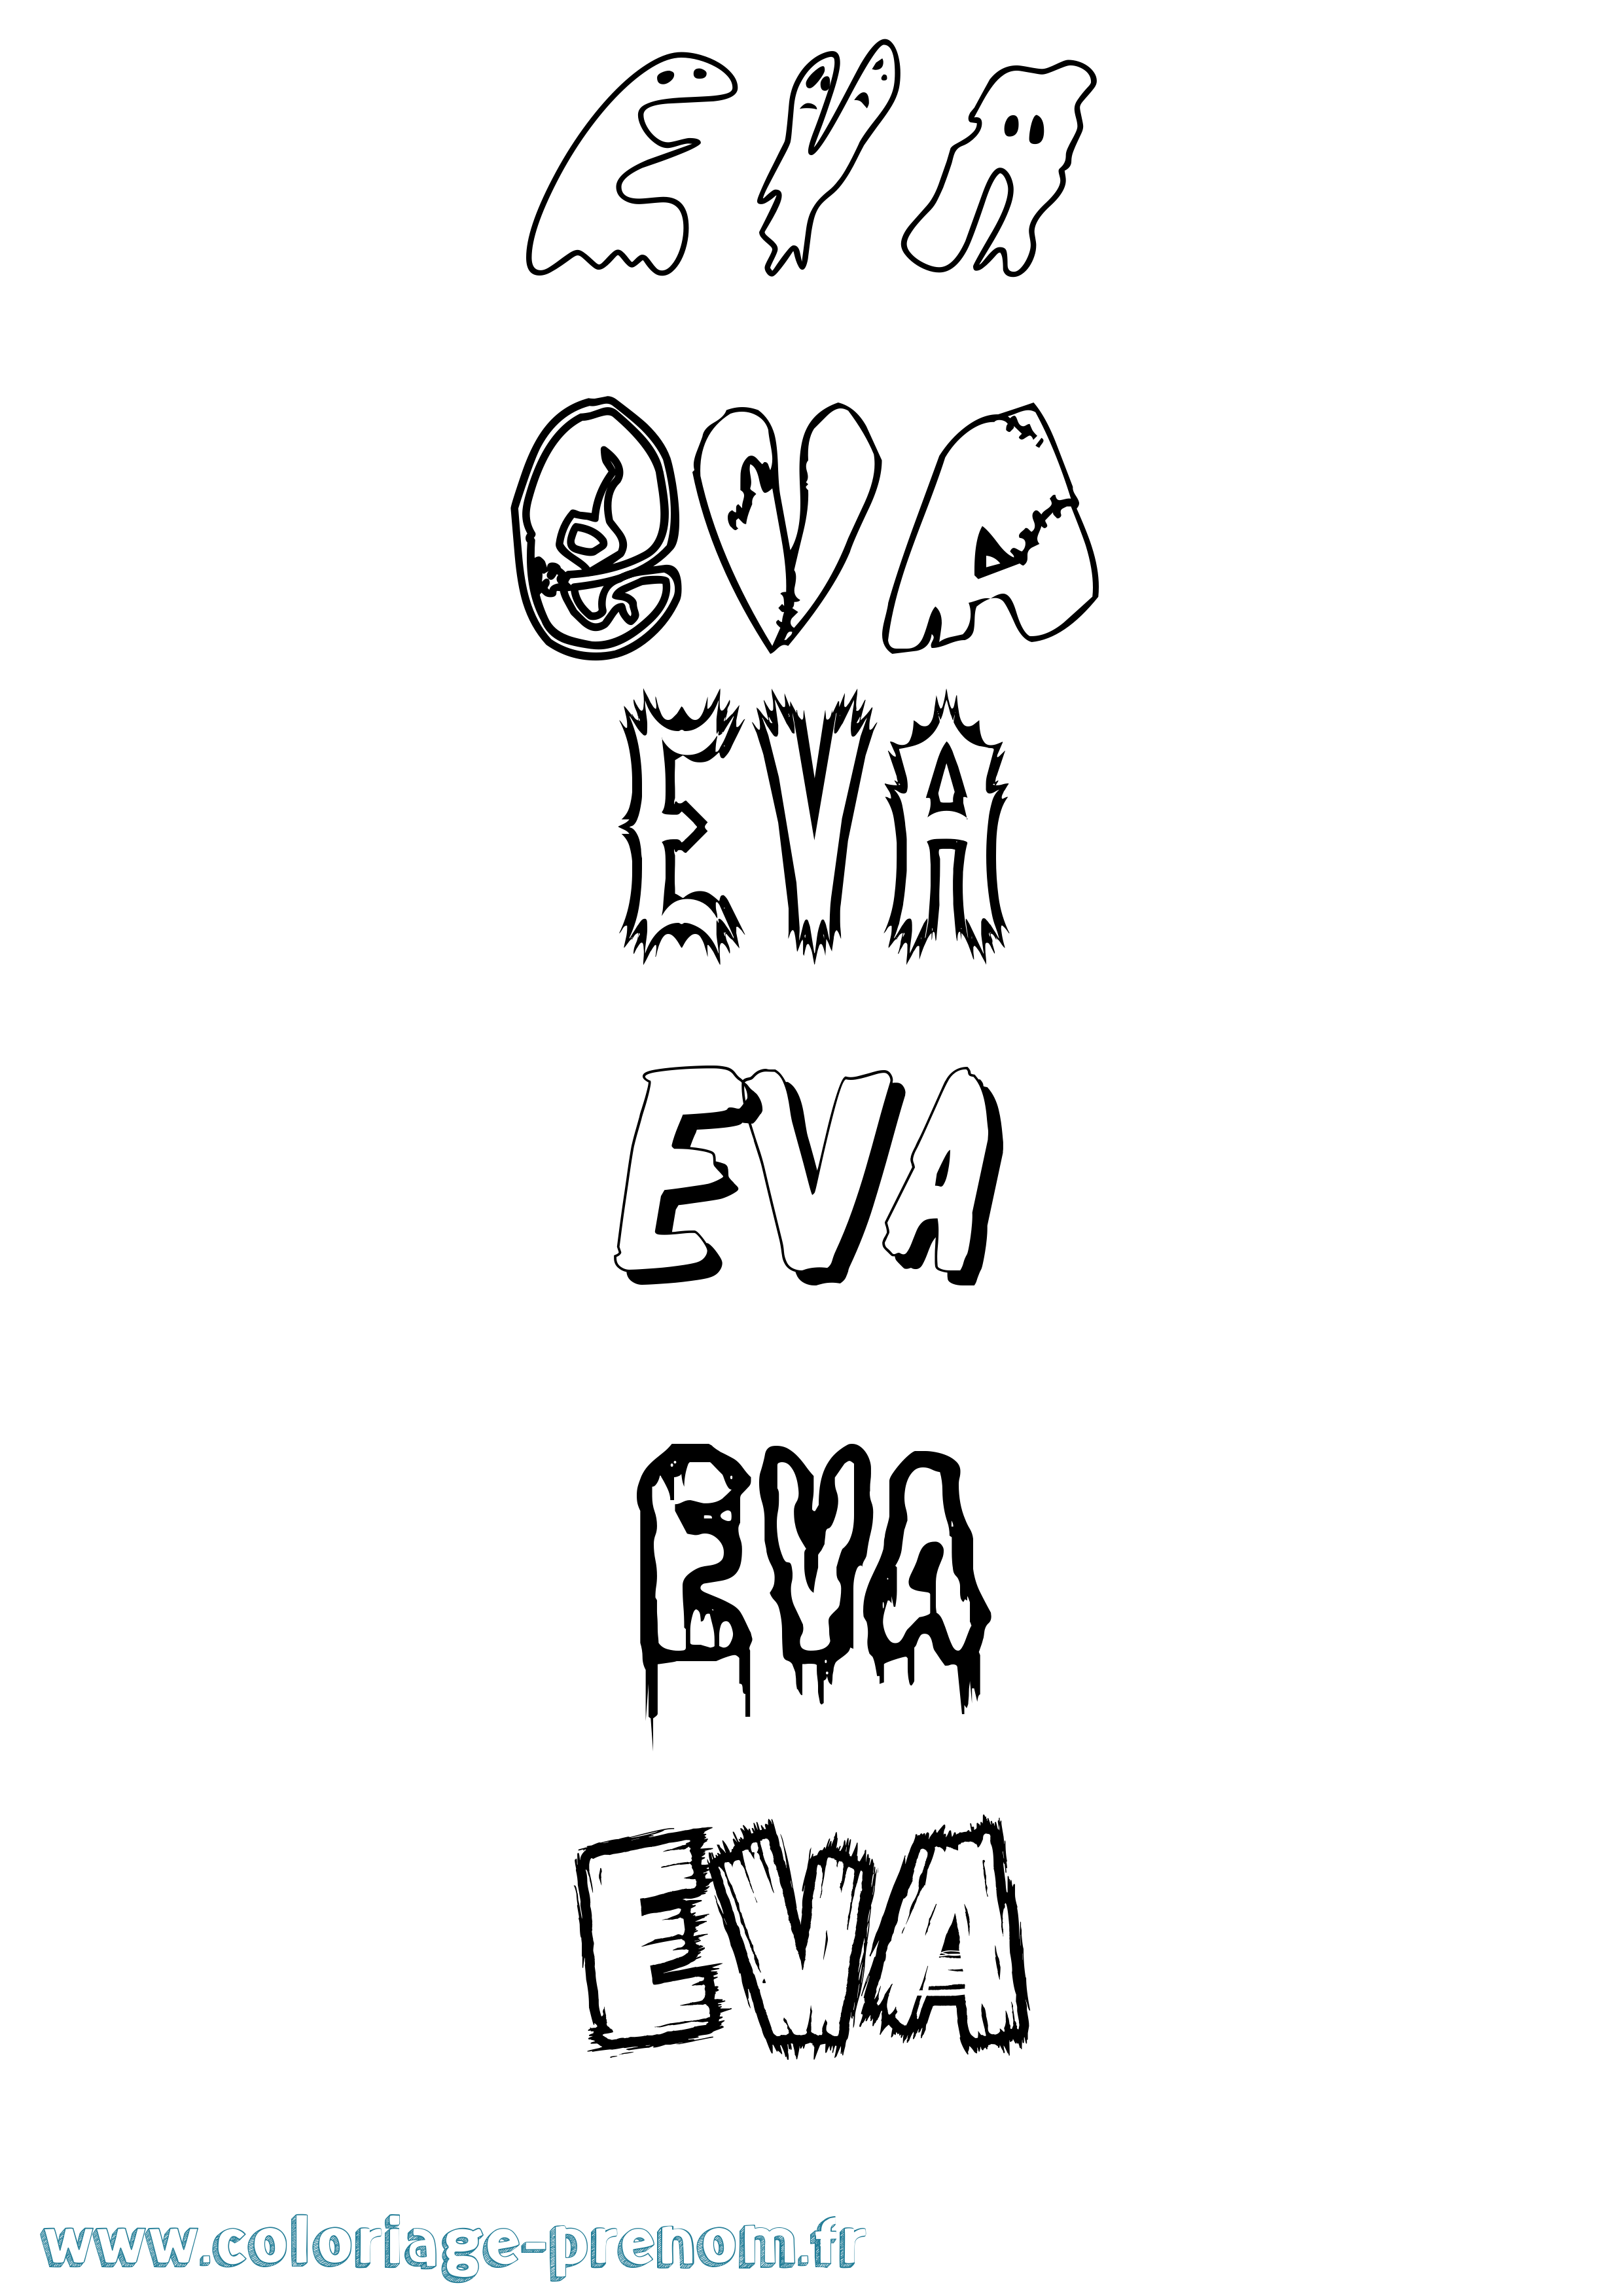 Coloriage prénom Eva Frisson
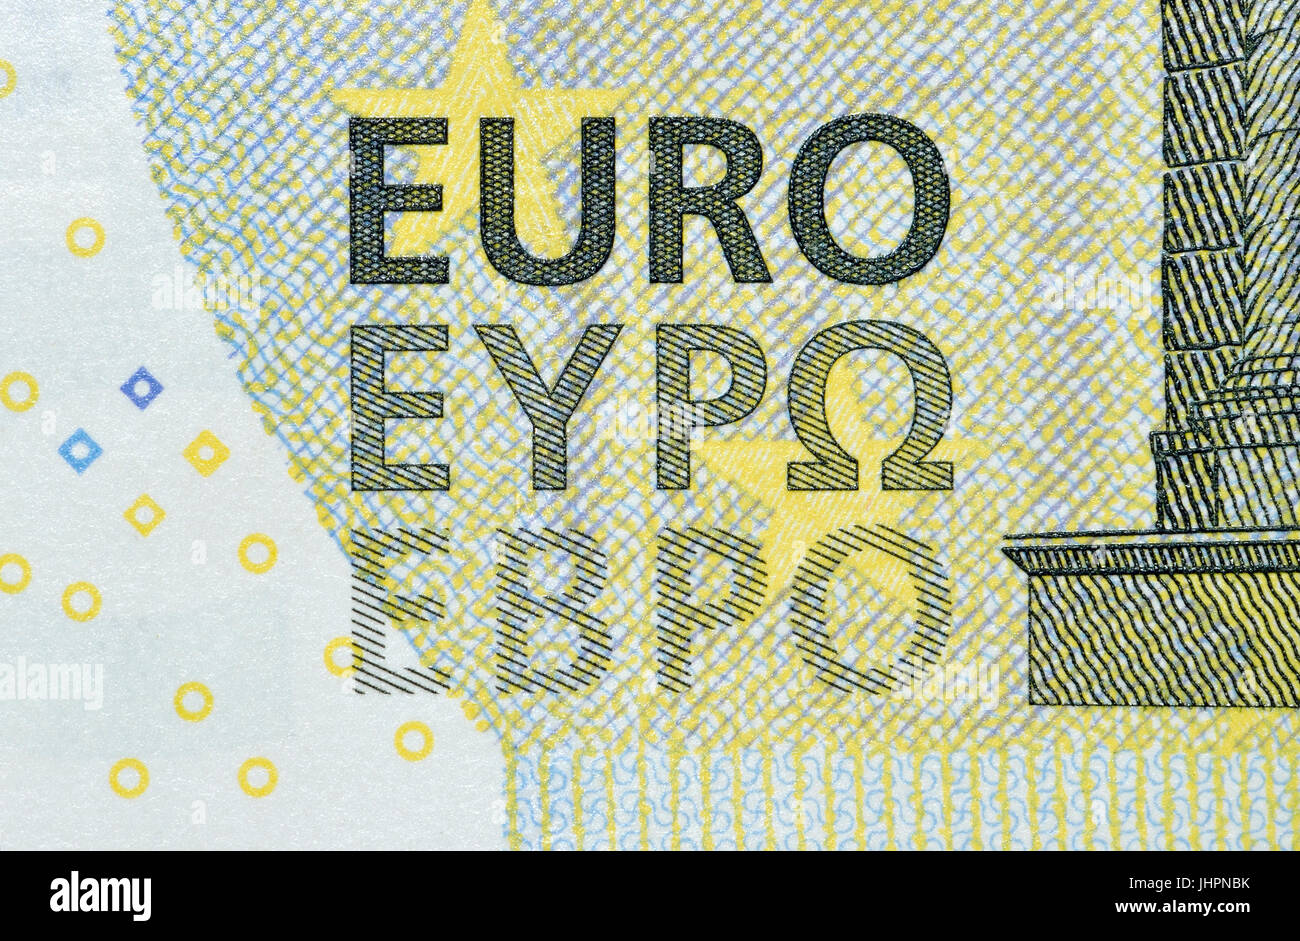 €5 Detalles de billetes que muestra la palabra "euro" en tres alfabetos (latino) - romano, griego y cirílico. Foto de stock
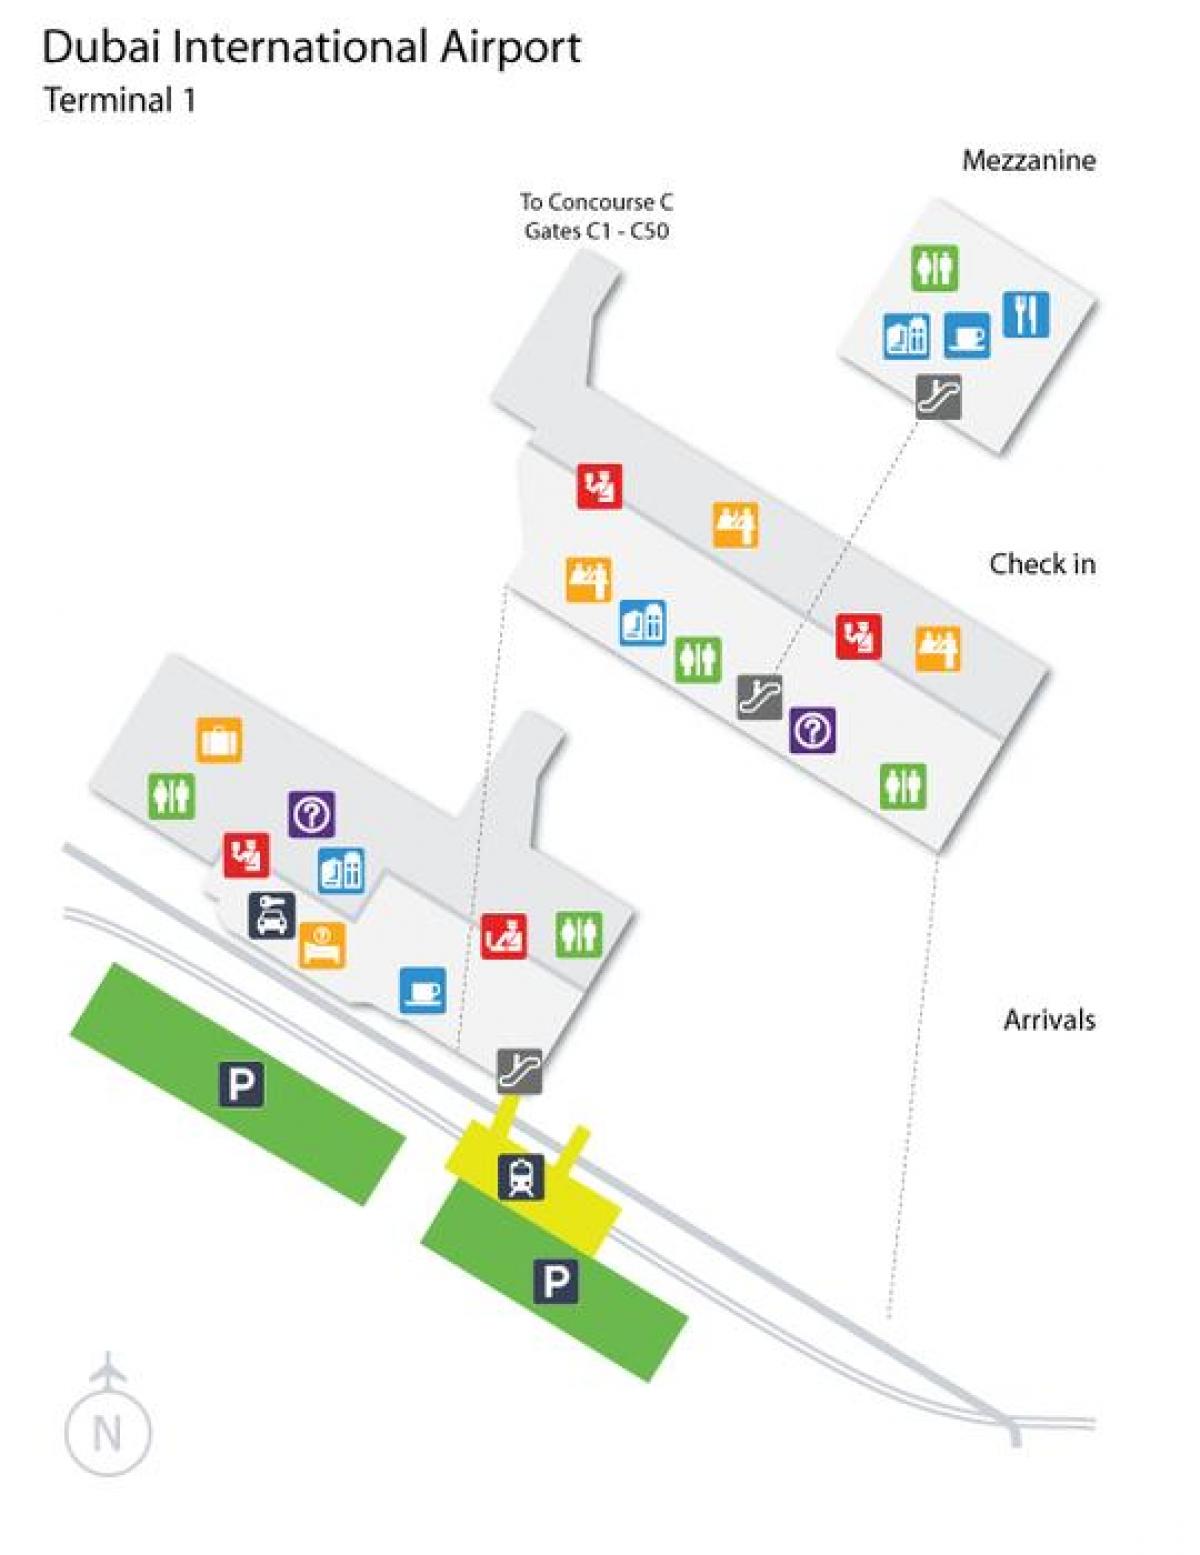 Dubai airport terminal 1 plassering kart

- _What you are asked to do_
All lines from the line with "Foto de stock" through the final line of the data, both included, are to be repeated exactly; no other lines and no pictures.

- _Written answer_
 €5 Detalles de billetes que muestra la palabra "euro" en tres alfabetos (latino) - romano, griego y cirílico. Foto de stock
 Dubai airport terminal 1 plassering kart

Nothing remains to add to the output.